参考資料A 都道府県教育長協議会事務次官行政説明メモ(H13,1,24)
3,新しい学習指導要領が目指す学力について
「ゆとり」や子どもたちの自主性を強調するあまり、基礎的な学習が軽視されたり、「総合的な学習の時間」が学習活動ではなく「遊びの時間」として受け取られているなど、新しい学習指導要領の考え方を誤解した取り扱いが一部になされているのではないか等の指摘もなされております。

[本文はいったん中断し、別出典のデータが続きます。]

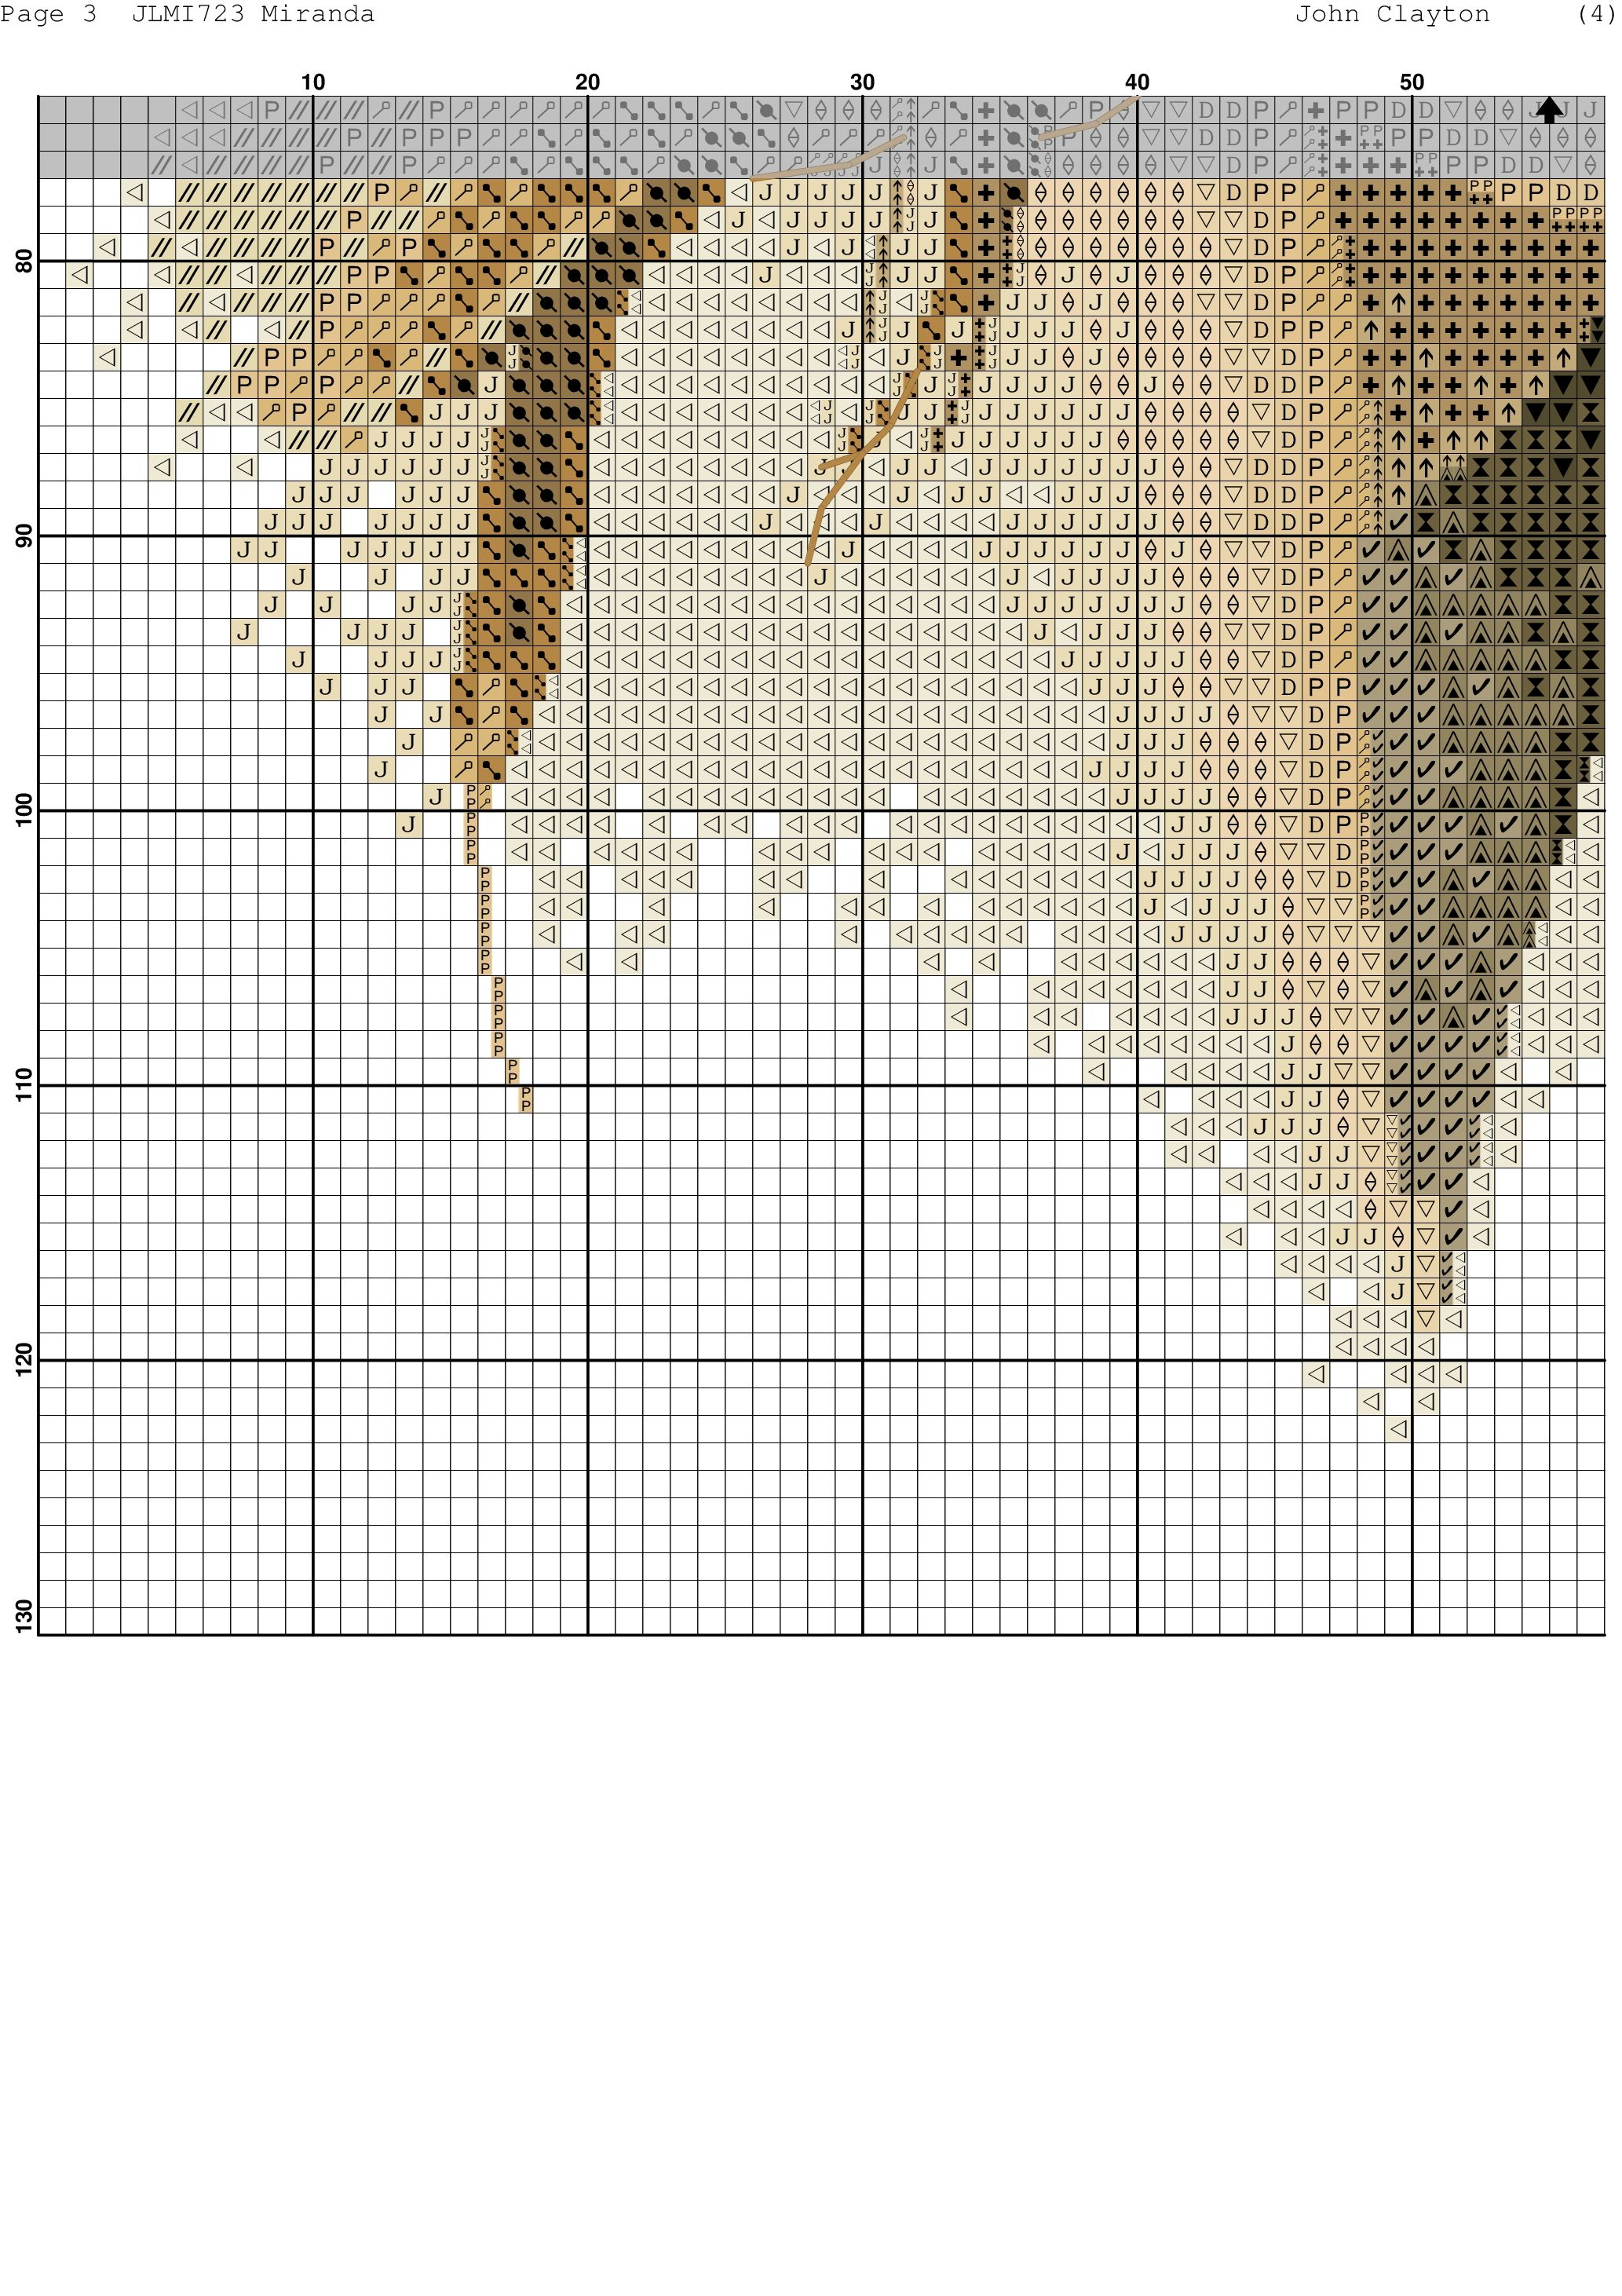 Pin von haydee blanco garcia auf punto de cruz cuadros | Pinterest

「ゆとり」は「ゆるみ」ではありません。教育内容を厳選することにより、教える側にも、学ぶ児童・生徒の側にも、時間的・精神的なゆとりが生まれます。これを用いて、個別指導やグループ別指導、ティームティーチングなど個に応じたきめ細かな指導を十分に行うことができます。これにより、学習指導要領に示す基礎・基本の確実な定着が図られます。また、観察・実験・調査・研究、発表・討論など、時間を要する体験的・問題解決的な学習に積極的に取り組むことができ、これらを通じて、思考力や判断力、表現力が育成されます。
このように、新しい学習指導要領は、知識や技能だけでなく、自ら学ぶ意欲や思考力、判断力、表現力などまで含めて学力ととらえ、こうした学力を児童・生徒にしっかりと身に付けさせ、その向上を図るものとして構成されている。
4,総合的な学習の時間について
「総合的な学習の時間」は、自ら課題を見つけ、自ら学び、自ら考え、問題を解決する力などを身に付けさせること、また、情報の集め方、調べ方、まとめ方、報告や発表・討論の仕方などの学び方やものの考え方を身に付けさせることをねらいとしています。
これらの資質や能力、態度は、各教科の学習を通じても育成されるものですが、学校で学ぶ知識等を実感をもって理解する機会が減少している現状において、そのような機会を意図的・計画的に設けることにより、各教科等で学ぶ知識や技能を体験的な活動の中で実感をもって理解し、実生活において生かされ総合的に働くようにすることが「総合的な学習の時間」を設けるねらいであります。
したがって、「総合的な学習の時間」については、「遊びの時間」とするのは論外としても、ただ単に何らかの体験をするだけでは不十分であり、学習の中で自ら課題を見つける力、問題を解決する力を身に付けさせることが必要です。このため、昨年12月の教育課程審議会答申でも、総合的な学習の時間においても、児童・生徒の評価を行うことについて提言しております。
総合的な学習の時間は各教科等の時間と切り離して考えるものではなく、各教科等で学んだ知識や技能を自らのものとし、その後の各教科等の学習を深める観点からも重要な意義を有するものであります。総合的な学習の時間と各教科等の指導の有機的な連携にさらに意を用いていただきたい。